A quick Google search turns up some obvious solutions, like stripping write permissions from the user on their home directory, moving files you want the user to have access to into subfolders (where they can have write access), or using the local_root config directive to jail users to the parent directory instead. You can even replace VSFTPD with the vsftpd-ext package, which supports the allow_writeable_chroot config directive. But, these weren't viable solutions for me; I didn't want to remove write access from users on the one place on the system I feel they should be guaranteed full-run over, I didn't want to allow nosey users to see what other files and folders were outside of their own area, and I didn't want to install an alternative package just to fix one simplistic issue. So I came up with my own solution!

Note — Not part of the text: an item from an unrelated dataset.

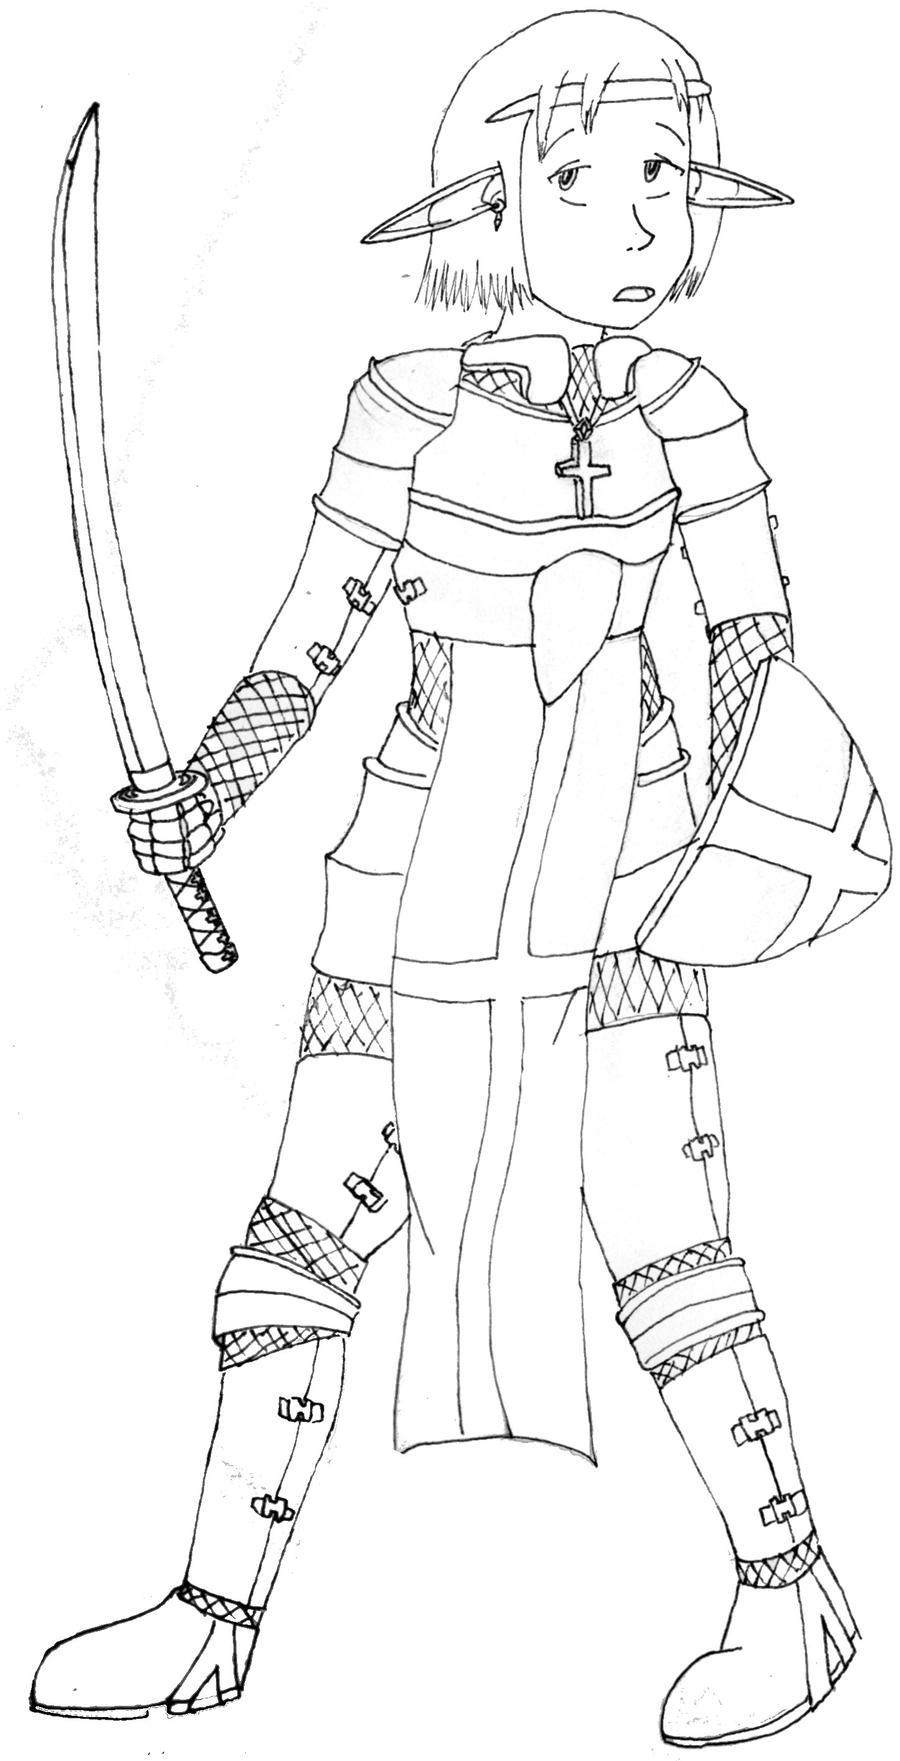 Character_Design__Amaya_by_Masaki_no_kitsune.jpg

My configuration is set up to not jail users by default. This allows accounts like mine and my operating partners to navigate the entire system, while also allowing me to limit what is visible to specific users for simplicity or to keep them out of places they shouldn't be in.

$ nano /etc/vsftpd.conf

$ nano /etc/vsftpd.chroot_list
# List of local users to chroot() jail in their home directory when FTPing

Above, we can see that my config file calls for local users to not be chroot jailed by default, but to jail specific users listed in /etc/vsftpd.chroot_list, and to also find user-specific config files in the /etc/vsftpd_user_conf directory. The list file is pretty straight-forward (one username per line). This next part is where the magic comes in. The objective is to jail the users in such a directory that the only thing they could possibly see in their FTP listing would be their home directory. This directory must not have write access, and it must preserve the existing directory structure. There is a great utility for this sort of thing: links! But therein lies a problem. Directories can only be symlinked/softlinked, and FTP clients typically can't follow symlinks.

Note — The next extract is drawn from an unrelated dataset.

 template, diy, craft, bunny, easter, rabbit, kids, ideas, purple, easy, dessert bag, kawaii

Luckily, there is another, much more powerful way to create links to directories. If you are familiar with the mount command, you know that it's used to create links between the filesystem and physical data. Did you know it can also create links between one area of the filesystem and another? The magical command uses the syntax mount --bind originalfile linkname. Now let's put it to work!

This next part will require you to know the superuser password. If you don't know it, but your account is allowed to sudo, skip the su root command and preceed each of the other lines with sudo.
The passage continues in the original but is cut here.